(September 17, 2015 at 7:38 pm)bennyboy Wrote:(September 17, 2015 at 7:04 am)Captain Scarlet Wrote: Mind is the faculty of consciouness ->
Conciousness is the is the state of being aware of an external objects and oneself (but it is not the state only of self-awareness, otherwise you would be conscious only of your own consciousness) ->
Awareness is gained through sense perception of the enviornment ->
The senses are self authenticating given any attempt to inavlidate them requires their validity ->
Thus as senses detect objective external reality, external objective reality is real. Existence, exists.
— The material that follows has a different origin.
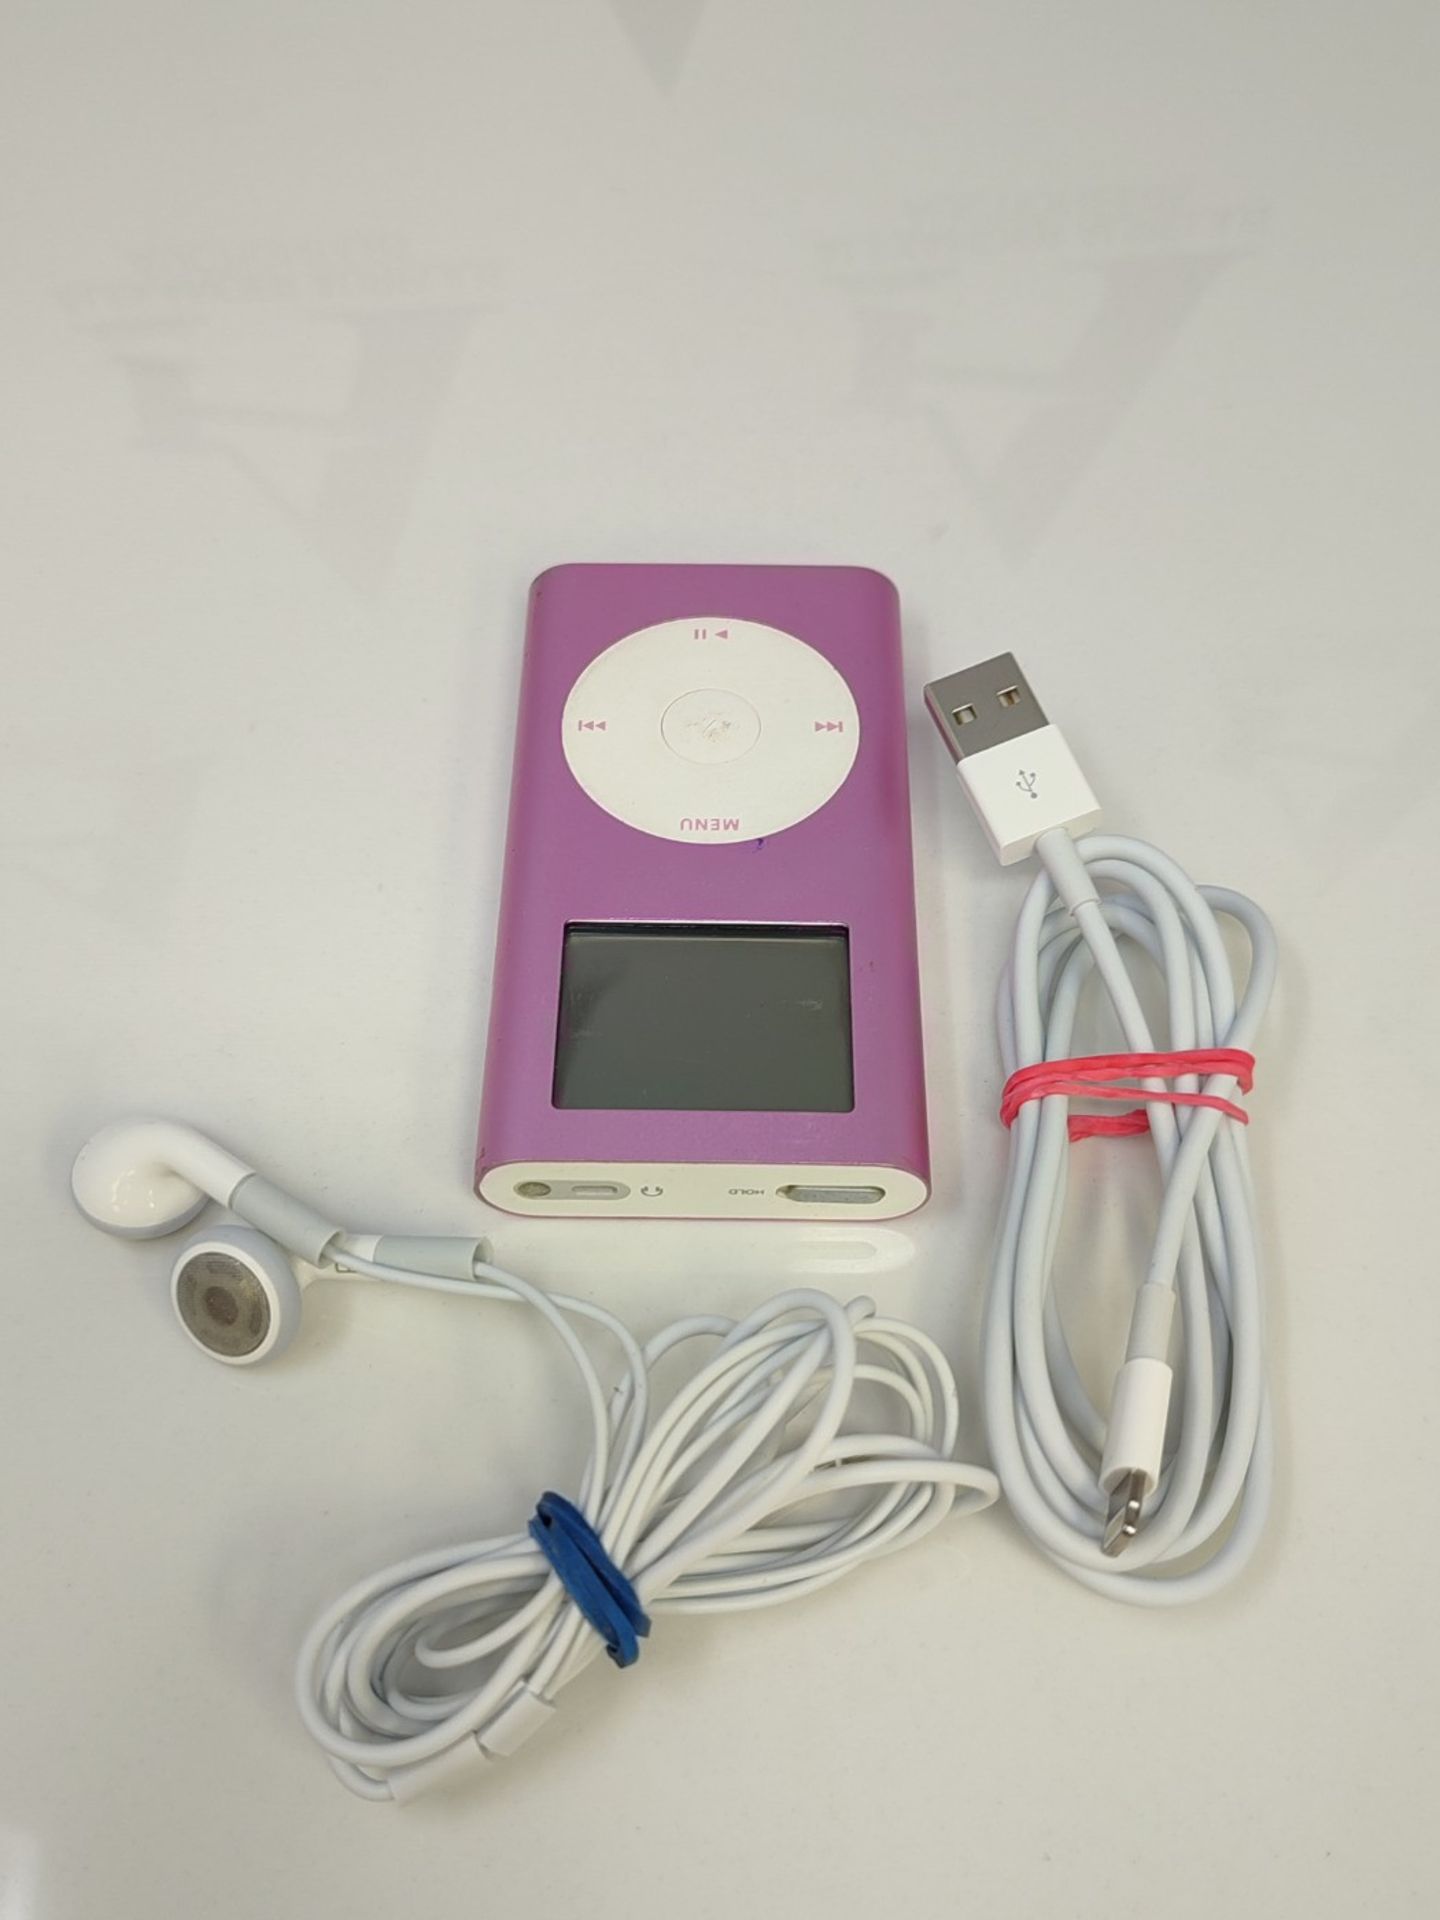 Apple iPod mini 6GB - pink - Image 2 of 2

Everything I experience is of an objective physical world and its causality (including self-awareness, ideas, etc). The default position is that I do not need to add anything else, ie a world of make-believe where there is only mind, and a mind or minds controlling reality
I don't accept your definitions.
Mind is the arena in which experiences and ideas unfold. Consciousness means that someone is subjectively aware of the process of experience. Whether the "objects" of awareness are internal or external doesn't matter.
Nor does it even matter to the idealistic argument whether those objects ARE external to the self, since nobody here is arguing solipsism. What matters with regards to establishing a default argument is whether they represent more than I experience them as-- specifically whether they are more than ideas with particular forms. How, using your experiences, would you prove that your "objective" world is not, for example, the Mind of God, or the Matrix? One cannot. Therefore, the default position, since my interface with whatever-is-out-there is purely mental, is that whatever-is-out-there is a collection of concepts, ideas, and/or experiences.
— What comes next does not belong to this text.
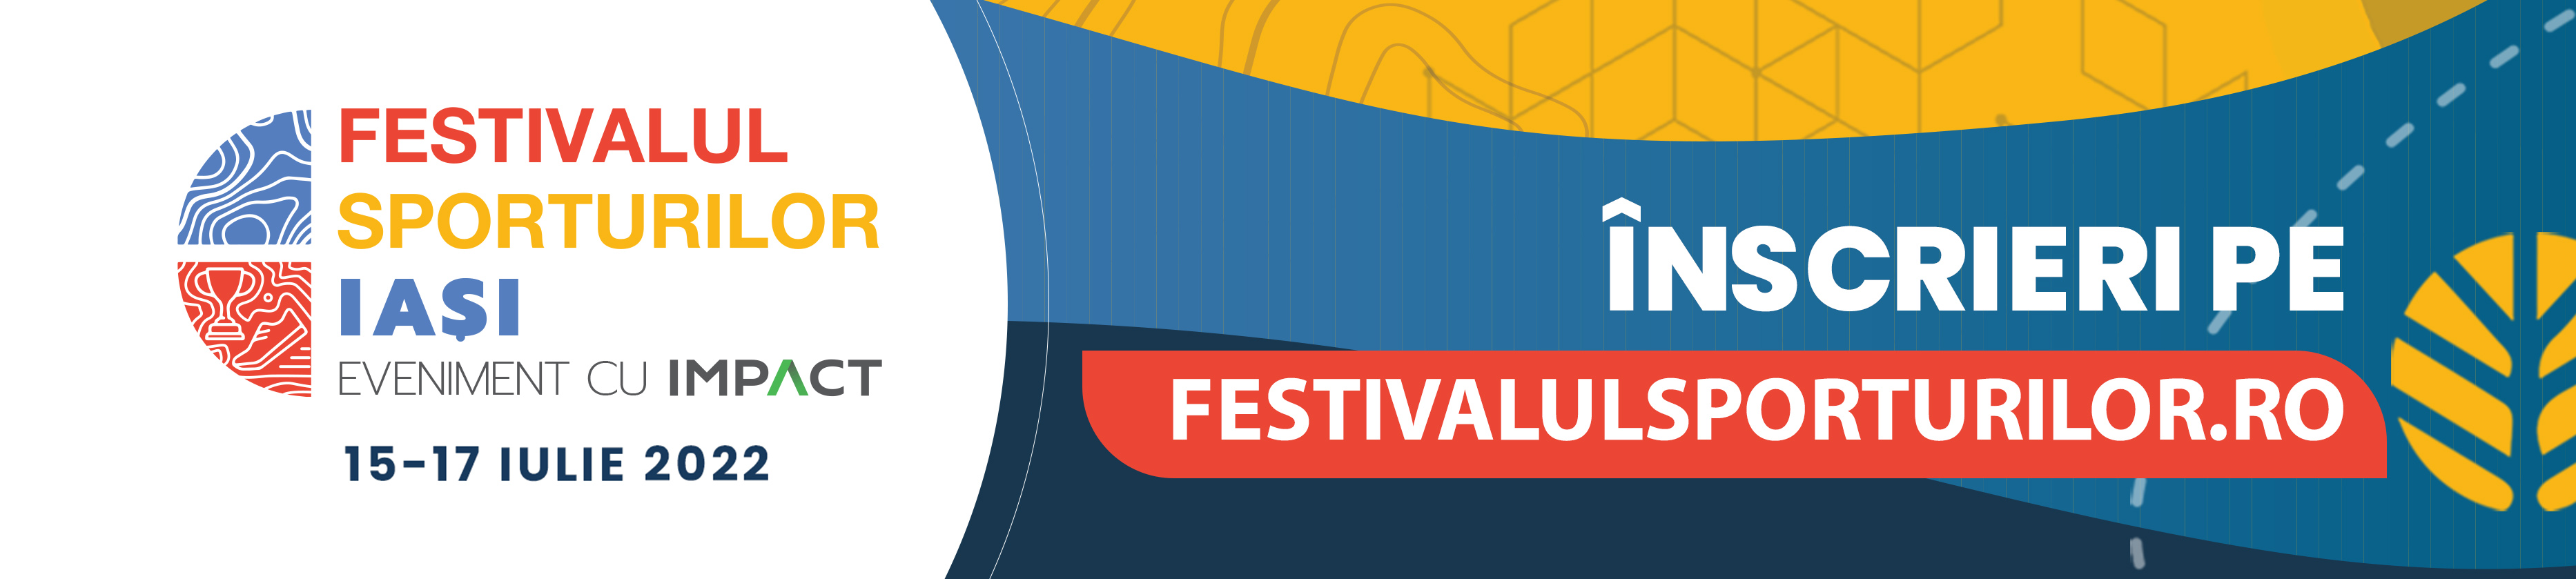 banner_inscrieri_festival

And I do not accept your definitions. My definitions are stock understanding of the terms from the English language. I am worried that you are relying too much on equivocation to model and re-model your perspective.
First, human knowledge begins with (sensory) awareness of the external world. It does not begin with awareness of one's own ideas. The reason is that ideas or states of consciousness are necessarily ideas about something, and that something is what one is aware of. One could not become aware of one's own consciousness, unless one first had some states of consciousness to be aware of; and one could not have states of consciousness, unless one first had something else that one was conscious of. Imagine a being who had the ability to create a consciousness
Second, existence has a metaphysical primacy over consciousness: that is, the external world exists prior to, and is not dependent on, our minds. This also implies that the external world has its specific characteristics (identity) prior to, and independent of, the states of our minds. And this is for the same reason: in order to have states of consciousness, there must first be things for us to become conscious of (whereas the converse is not the case), because consciousness is consciousness of things. Consciousness, again, is a faculty of becoming aware of things, not of creating or altering them.
Ergo the primacy of existence is true, the primacy of consciousness is false, our world is objectively real and it cannot be the mind of a god.
"I still say a church steeple with a lightning rod on top shows a lack of confidence"...Doug McLeod.